Task: The answer must reproduce exactly the lines from the one with "An unsigned beauty." through the end of the material, and it must contain no pictures.

Material to process:
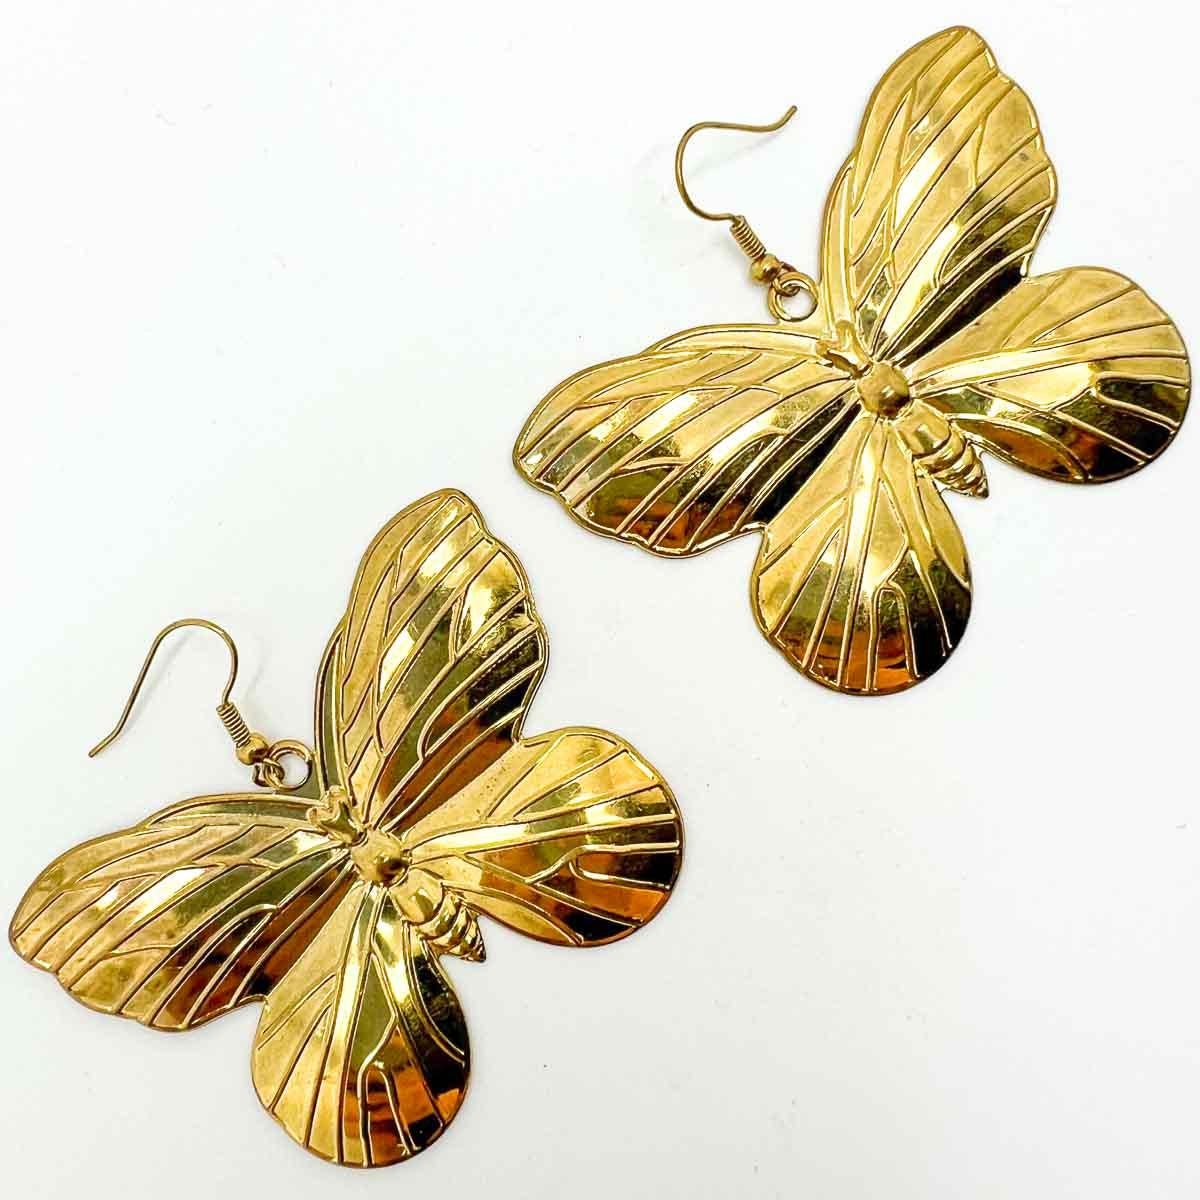 A whimsical pair of preloved Butterfly Statement Earrings. The perfect summer statement that will work, day to occasion and even for the beach.
An unsigned beauty. A rare treasure. Just because a jewel doesn’t carry a designer name, doesn’t mean it
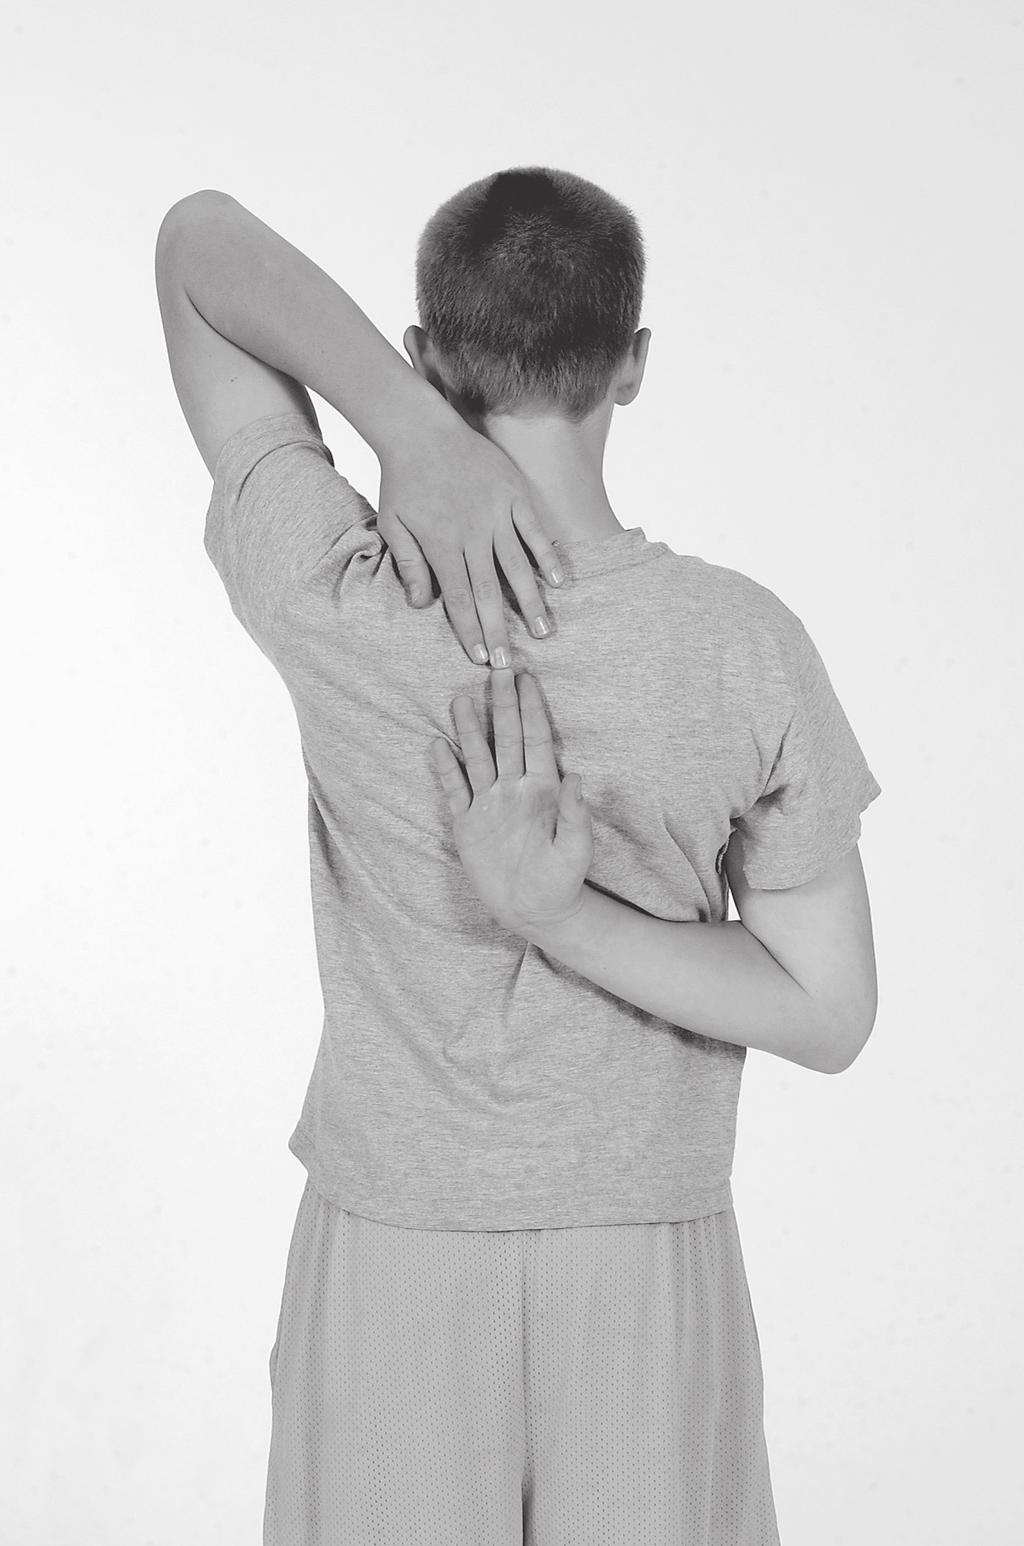 Tester may place one hand above the student s knee to help keep the knee straight. Hands should reach forward evenly. The trial should be repeated if the hands reach unevenly or the knee bends.
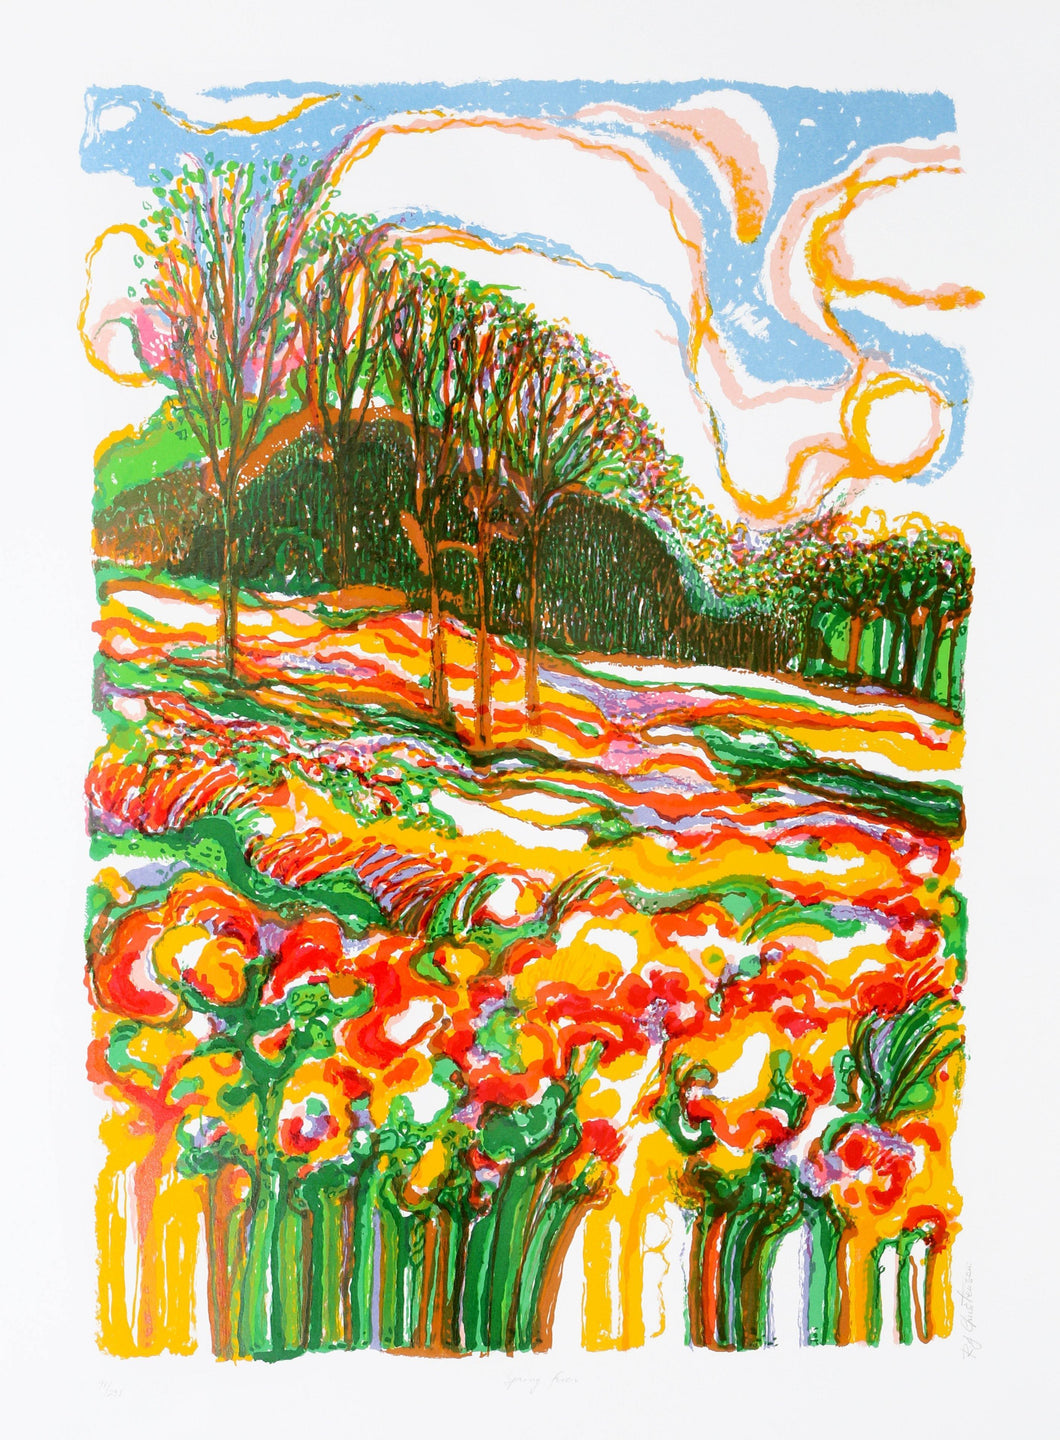 Spring Fever Lithograph | Ronald Julius Christensen,{{product.type}}
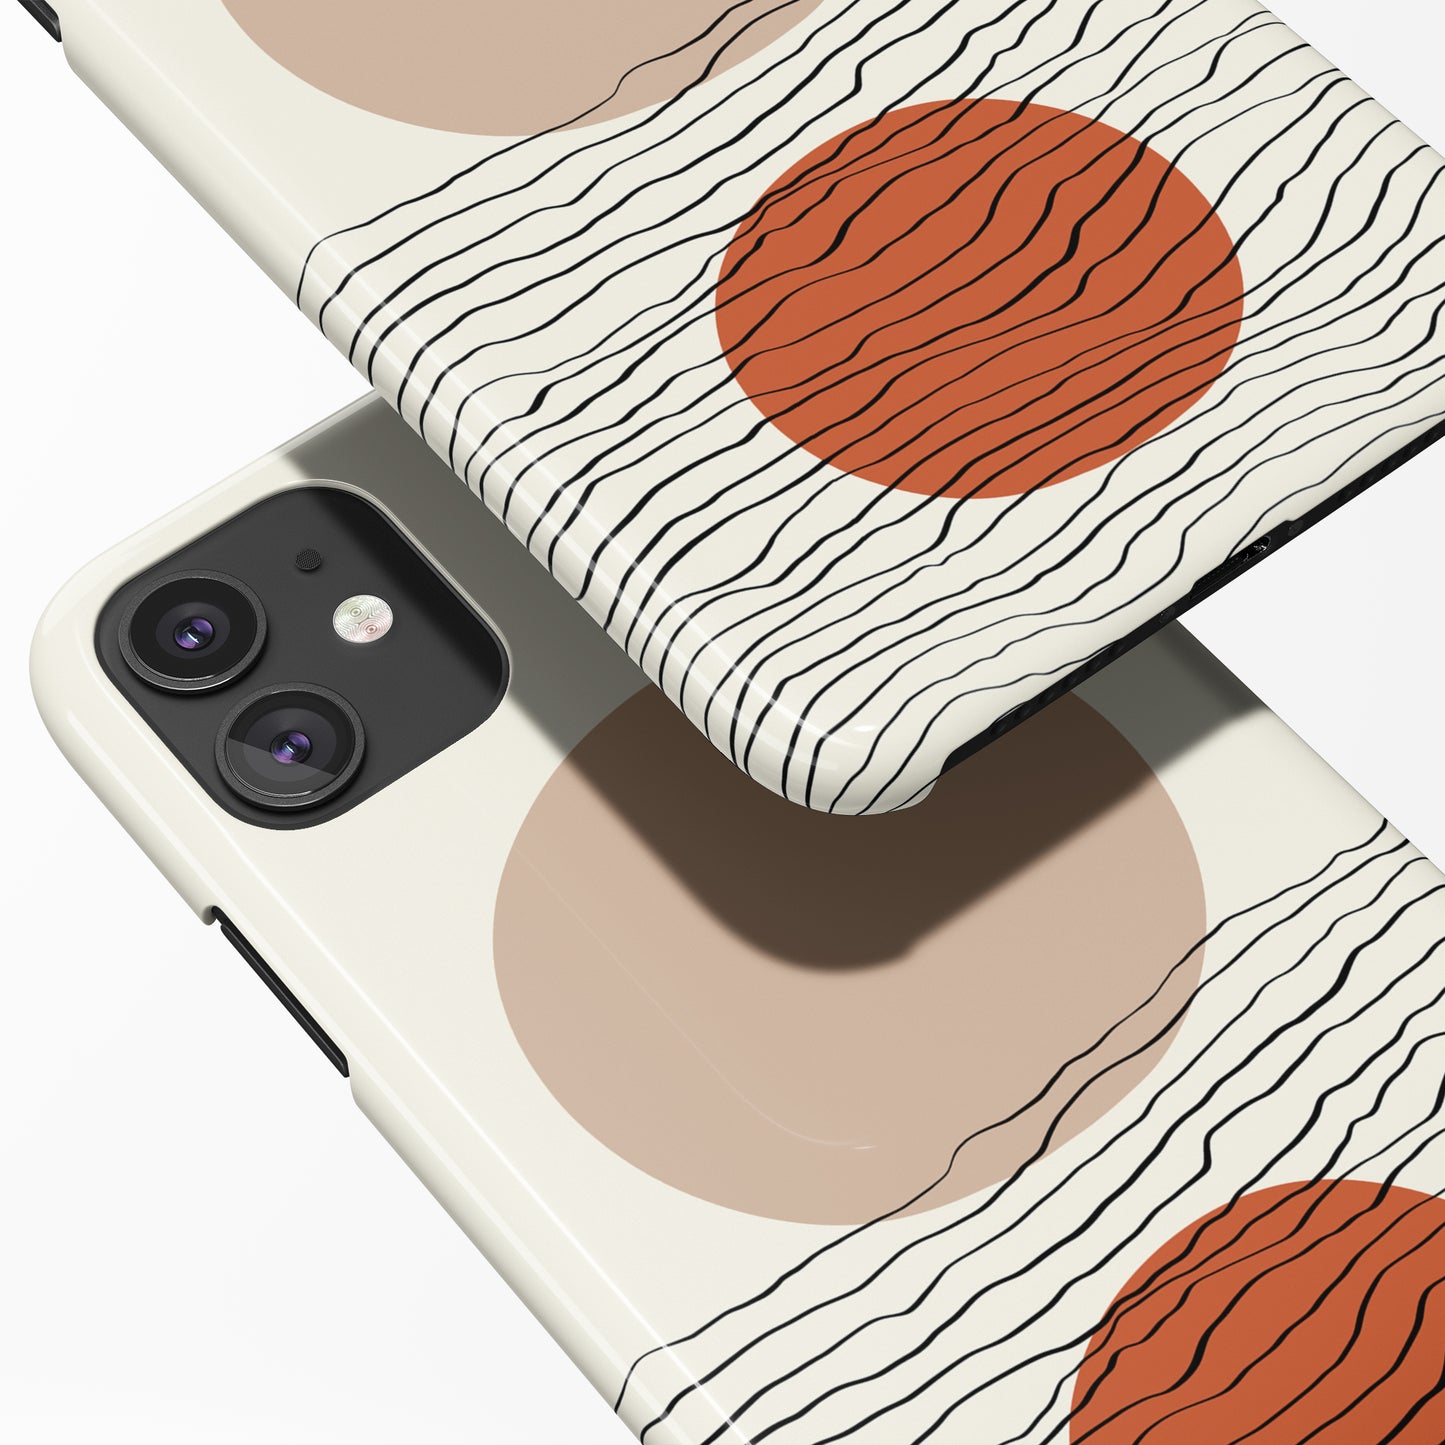 Beige Drawing iPhone Case 2

Worked solution:
An unsigned beauty. A rare treasure. Just because a jewel doesn’t carry a designer name, doesn’t mean it
 Tester may place one hand above the student s knee to help keep the knee straight. Hands should reach forward evenly. The trial should be repeated if the hands reach unevenly or the knee bends.
 Spring Fever Lithograph | Ronald Julius Christensen,{{product.type}}
 Beige Drawing iPhone Case 2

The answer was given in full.